I have never seen or heard about this “4/2016”. Is this a new regulation, any reference?

Wasnt this the date the EASA regs to shaft N reg were postponed to?

Yes.

Administrator
Shoreham EGKA, United Kingdom

Maybe some one could explain this one….

With an EASA licence you need a Class Rating to fly a Piper Meridian ceiling FL290 but you dont need one to fly a Piper Malibu ceiling FL250 because of the perceived additional training required because of the difference in altitude capabilities.

However you will still need (after April 2016) a Class/ Type rating to fly a Cessna P210 Silver Eagle that only has a ceiling of FL235.

Is this correct, or am I missing something?

Peter wrote:

Yes; what I was getting at is that the particular bit of EU law (the italic text I quoted) does not apply because, simply, Switzerland, Norway, and the others are not in the “Community”. For example Egypt could sign up to EASA FCL totally but still that clause would not apply to an operator based in Egypt. If the UK left the EU then the same would happen to UK based operators (would be rather useful!).

As it has been communicated in Switzerland ever since we joined EASA hook, line and sinker, is that any EASA member has to fulfil EASA rules to the letter, nonwithstanding if they are EU members or not.

In reality, this appears to pretty much be the case, with the restriction that EASA rulings have to be officially ratified by the country in question rather than becoming law just by edict of Köln. That has advantages but also disadvantages. At the same time, in recent years, it has become evident that not even EU members always comply with EASA fully. That is particularly true of “goldplating” issues, but also of certain national CAA’s puprosefully dragging their feet on EASA rulemaking they don’t like. EASA recently apparently came down like a ton of bricks on Germany on the issue of CB-IR competence for flight schools, which had been purposefully delayed. Switzerland currently struggles with ELA1 and TBO. Two examples of many.

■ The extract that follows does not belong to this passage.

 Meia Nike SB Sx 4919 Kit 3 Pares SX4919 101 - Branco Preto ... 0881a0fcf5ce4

But in principle, anyone who joins EASA even if he should establish a republic on the Moon, would have to fully comply with EASA.

LSZH(work) LSZF (GA base), Switzerland

As it has been communicated in Switzerland ever since we joined EASA hook, line and sinker, is that any EASA member has to fulfil EASA rules to the letter, nonwithstanding if they are EU members or not.

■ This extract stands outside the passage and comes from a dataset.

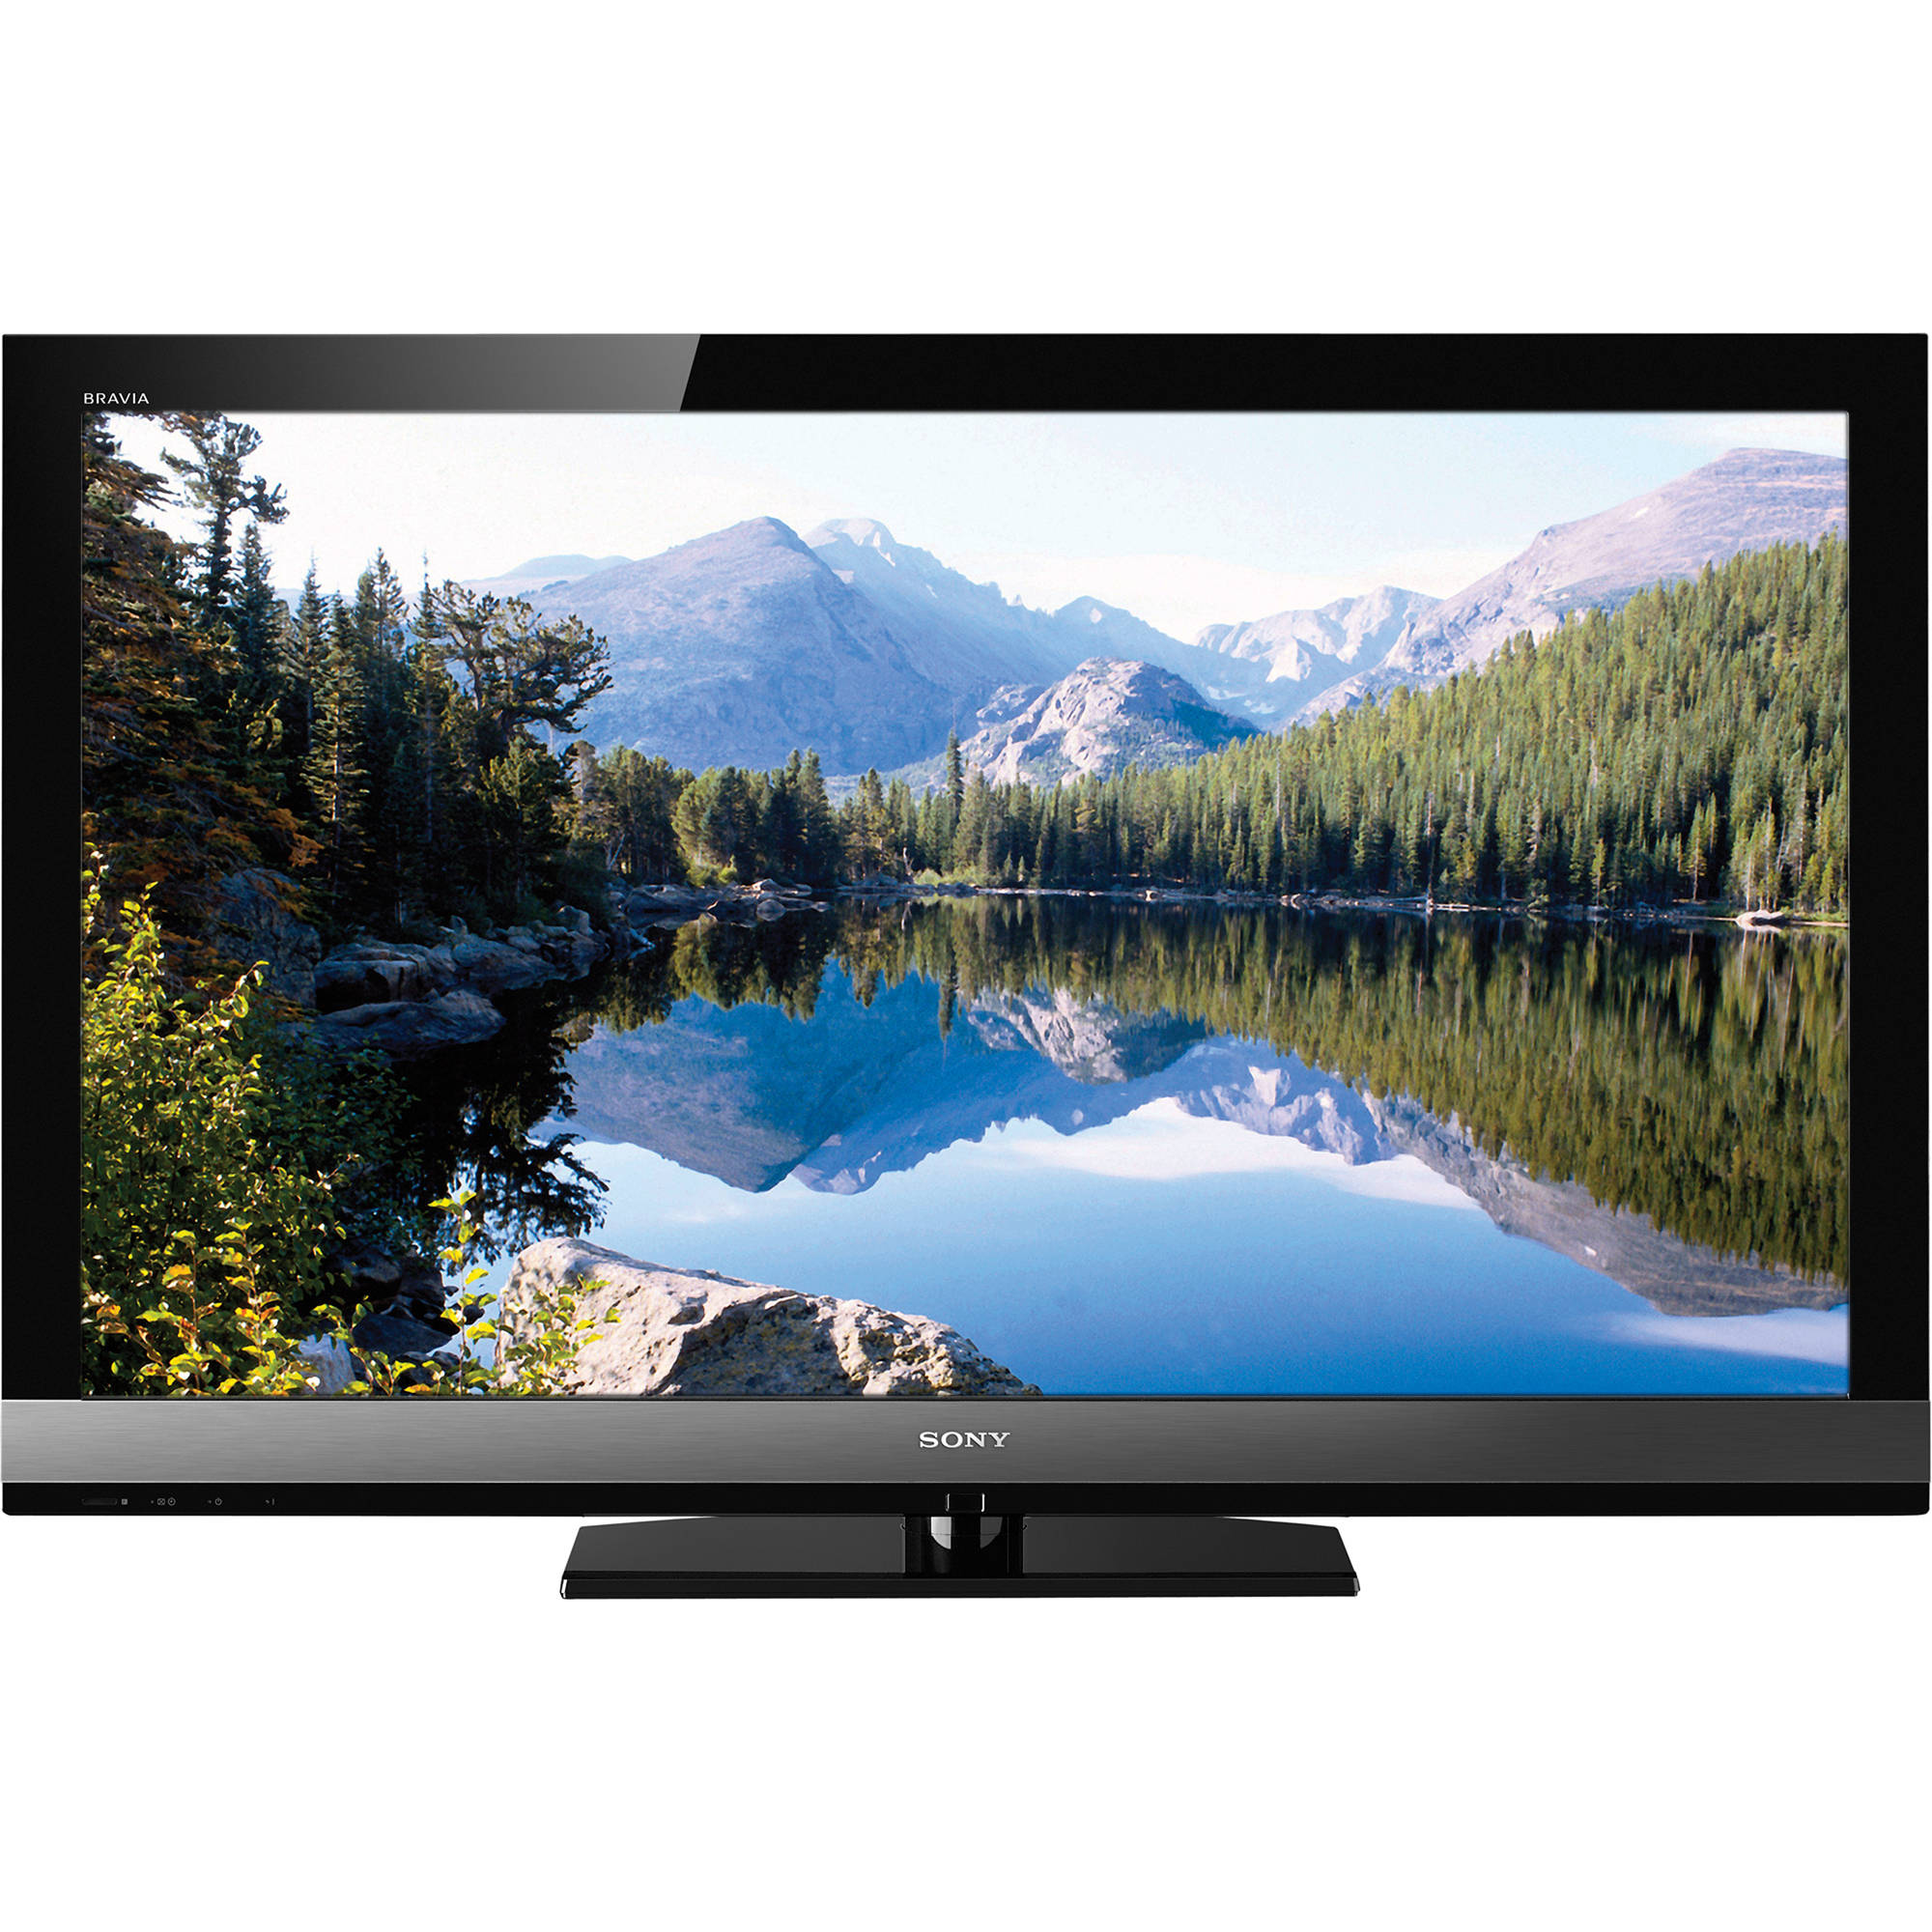 Sony KDL-32EX726 BRAVIA HDTV Driver Download (2019)

The wording of the rule specifically exempts non EU countries. The word “Community” means the EU.

A restrictive regulation has to be read as it is written.

Administrator
Shoreham EGKA, United Kingdom

Peter wrote:

or used into, within or out of the Community by an operator established or residing in the Community

Yes; what I was getting at is that the particular bit of EU law (the italic text I quoted) does not apply because, simply, Switzerland, Norway, and the others are not in the “Community”. For example Egypt could sign up to EASA FCL totally but still that clause would not apply to an operator based in Egypt. If the UK left the EU then the same would happen to UK based operators (would be rather useful!).

As far as to the text in italic goes, I agree that it does not concern residents of Norway.

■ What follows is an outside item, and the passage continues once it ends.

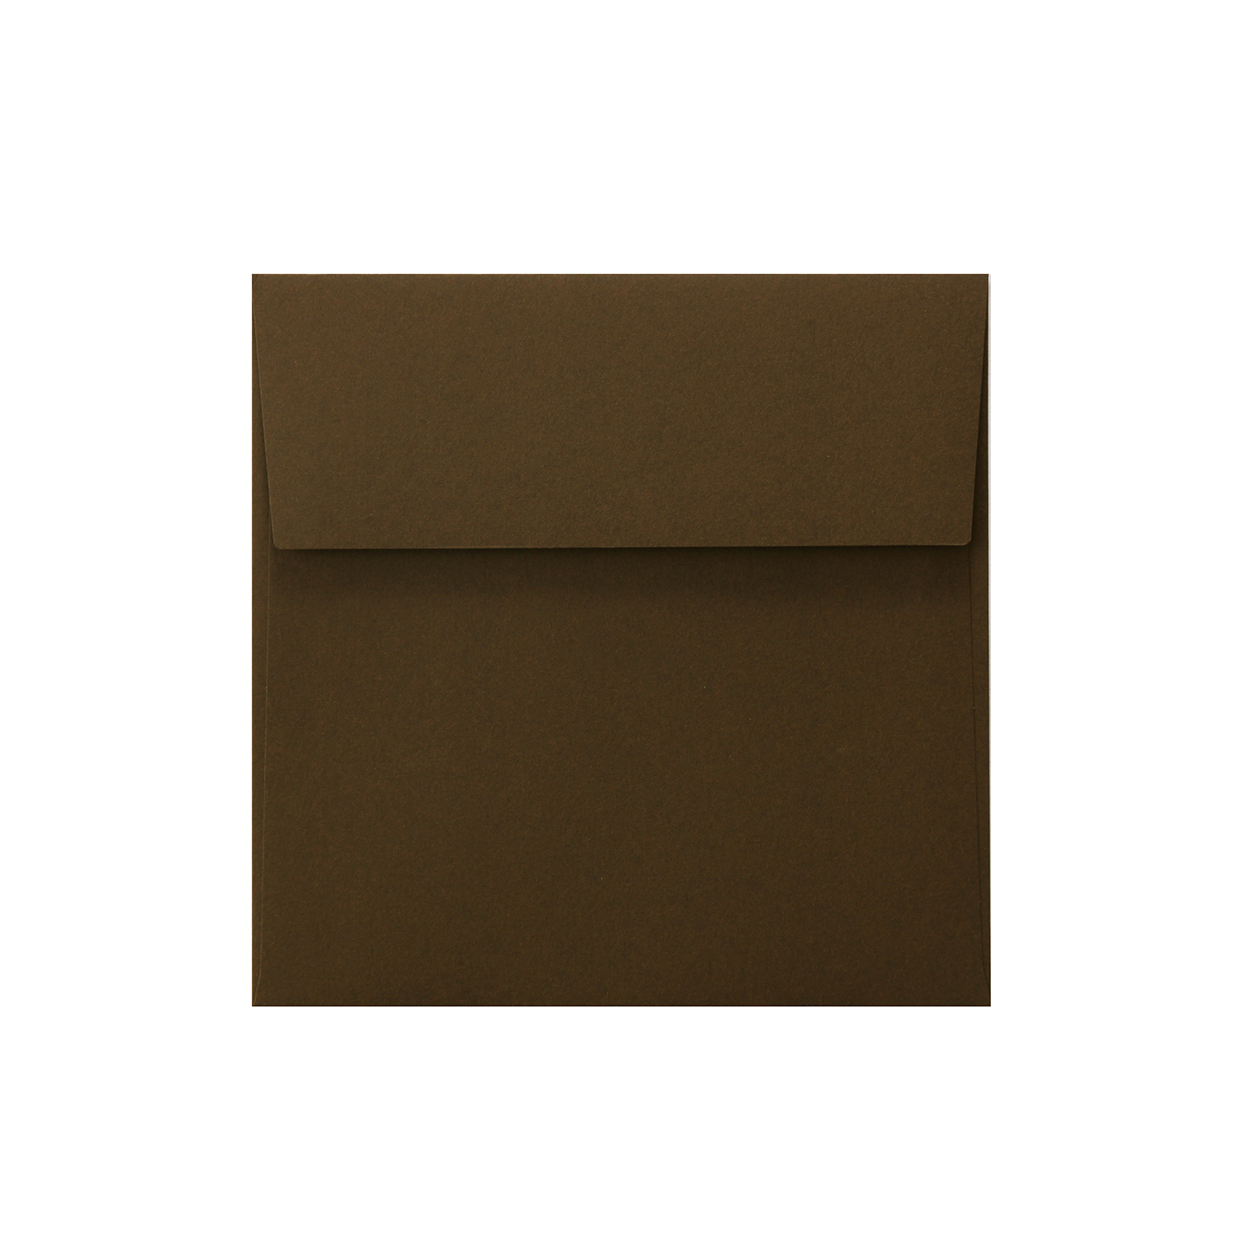 SE16カマス封筒 コットン チョコレート 116.3g

Unfortunately Norway has found other ways of screwing N-reg as has been extensively debated here.

LeSving wrote:

Peter wrote:

I don’t think Norway or Switzerland are in the EU… they may subscribe to EASA FCL but the reg has to be read as it is written, and “Community” = EU.

That is correct, but exactly which regulations are in effect, when they are in effect, and how things are handled “in the mean time” has been a complete mess here during the last 20 years regarding pilot license. You could ask the N CAA about it, it would be interesting to see what they answer.

I am not sure this is a completely fair statement. What I think is true is that insight into the whole legislative process has become a lot more obscure than before EASA unless you do some actual research to actively find the information. Legislation is also in perpetual flux and it is hard for a small NAA to keep up.

Although Norway is not a EU member state, they have joined the European Economic Area, as have the other former EFTA countries, and AFAIK every bit of EU law in the areas of social policy, consumer protection, environment, company law and statistics are adopted by the EEA states including Norway.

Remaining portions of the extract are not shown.